Assigned task: Write out the data below in full. Keep it exact.

Given data:
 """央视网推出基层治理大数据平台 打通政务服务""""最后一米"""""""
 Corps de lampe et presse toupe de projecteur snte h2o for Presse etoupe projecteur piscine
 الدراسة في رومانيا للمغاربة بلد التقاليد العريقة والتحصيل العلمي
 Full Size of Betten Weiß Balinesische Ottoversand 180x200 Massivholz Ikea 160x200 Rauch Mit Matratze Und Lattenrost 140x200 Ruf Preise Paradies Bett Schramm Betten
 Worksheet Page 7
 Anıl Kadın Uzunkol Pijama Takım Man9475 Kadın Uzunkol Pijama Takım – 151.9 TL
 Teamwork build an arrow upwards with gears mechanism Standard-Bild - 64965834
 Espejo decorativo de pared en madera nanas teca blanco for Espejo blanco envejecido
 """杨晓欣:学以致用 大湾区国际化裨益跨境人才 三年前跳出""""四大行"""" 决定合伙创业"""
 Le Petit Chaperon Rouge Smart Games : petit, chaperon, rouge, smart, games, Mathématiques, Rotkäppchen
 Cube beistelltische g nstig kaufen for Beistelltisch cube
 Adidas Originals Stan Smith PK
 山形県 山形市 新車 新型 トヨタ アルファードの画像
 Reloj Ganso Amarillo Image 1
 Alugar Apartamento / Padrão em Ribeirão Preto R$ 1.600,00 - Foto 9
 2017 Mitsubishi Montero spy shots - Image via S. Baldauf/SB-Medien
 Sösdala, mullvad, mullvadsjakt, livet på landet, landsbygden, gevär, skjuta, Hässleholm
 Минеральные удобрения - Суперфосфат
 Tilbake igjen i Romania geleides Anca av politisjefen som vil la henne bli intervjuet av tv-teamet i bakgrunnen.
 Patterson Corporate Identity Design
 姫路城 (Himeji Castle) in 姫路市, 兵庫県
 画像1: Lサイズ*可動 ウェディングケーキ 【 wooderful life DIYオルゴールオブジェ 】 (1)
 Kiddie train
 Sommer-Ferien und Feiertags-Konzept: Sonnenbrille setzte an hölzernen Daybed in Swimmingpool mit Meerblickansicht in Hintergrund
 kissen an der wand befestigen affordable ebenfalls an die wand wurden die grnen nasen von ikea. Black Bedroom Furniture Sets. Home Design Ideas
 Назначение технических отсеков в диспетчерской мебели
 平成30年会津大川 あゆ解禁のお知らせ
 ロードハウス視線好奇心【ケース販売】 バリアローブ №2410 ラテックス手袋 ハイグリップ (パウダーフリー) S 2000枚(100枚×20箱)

Exercise answer:
 """央视网推出基层治理大数据平台 打通政务服务""""最后一米"""""""
 Corps de lampe et presse toupe de projecteur snte h2o for Presse etoupe projecteur piscine
 الدراسة في رومانيا للمغاربة بلد التقاليد العريقة والتحصيل العلمي
 Full Size of Betten Weiß Balinesische Ottoversand 180x200 Massivholz Ikea 160x200 Rauch Mit Matratze Und Lattenrost 140x200 Ruf Preise Paradies Bett Schramm Betten
 Worksheet Page 7
 Anıl Kadın Uzunkol Pijama Takım Man9475 Kadın Uzunkol Pijama Takım – 151.9 TL
 Teamwork build an arrow upwards with gears mechanism Standard-Bild - 64965834
 Espejo decorativo de pared en madera nanas teca blanco for Espejo blanco envejecido
 """杨晓欣:学以致用 大湾区国际化裨益跨境人才 三年前跳出""""四大行"""" 决定合伙创业"""
 Le Petit Chaperon Rouge Smart Games : petit, chaperon, rouge, smart, games, Mathématiques, Rotkäppchen
 Cube beistelltische g nstig kaufen for Beistelltisch cube
 Adidas Originals Stan Smith PK
 山形県 山形市 新車 新型 トヨタ アルファードの画像
 Reloj Ganso Amarillo Image 1
 Alugar Apartamento / Padrão em Ribeirão Preto R$ 1.600,00 - Foto 9
 2017 Mitsubishi Montero spy shots - Image via S. Baldauf/SB-Medien
 Sösdala, mullvad, mullvadsjakt, livet på landet, landsbygden, gevär, skjuta, Hässleholm
 Минеральные удобрения - Суперфосфат
 Tilbake igjen i Romania geleides Anca av politisjefen som vil la henne bli intervjuet av tv-teamet i bakgrunnen.
 Patterson Corporate Identity Design
 姫路城 (Himeji Castle) in 姫路市, 兵庫県
 画像1: Lサイズ*可動 ウェディングケーキ 【 wooderful life DIYオルゴールオブジェ 】 (1)
 Kiddie train
 Sommer-Ferien und Feiertags-Konzept: Sonnenbrille setzte an hölzernen Daybed in Swimmingpool mit Meerblickansicht in Hintergrund
 kissen an der wand befestigen affordable ebenfalls an die wand wurden die grnen nasen von ikea. Black Bedroom Furniture Sets. Home Design Ideas
 Назначение технических отсеков в диспетчерской мебели
 平成30年会津大川 あゆ解禁のお知らせ
 ロードハウス視線好奇心【ケース販売】 バリアローブ №2410 ラテックス手袋 ハイグリップ (パウダーフリー) S 2000枚(100枚×20箱)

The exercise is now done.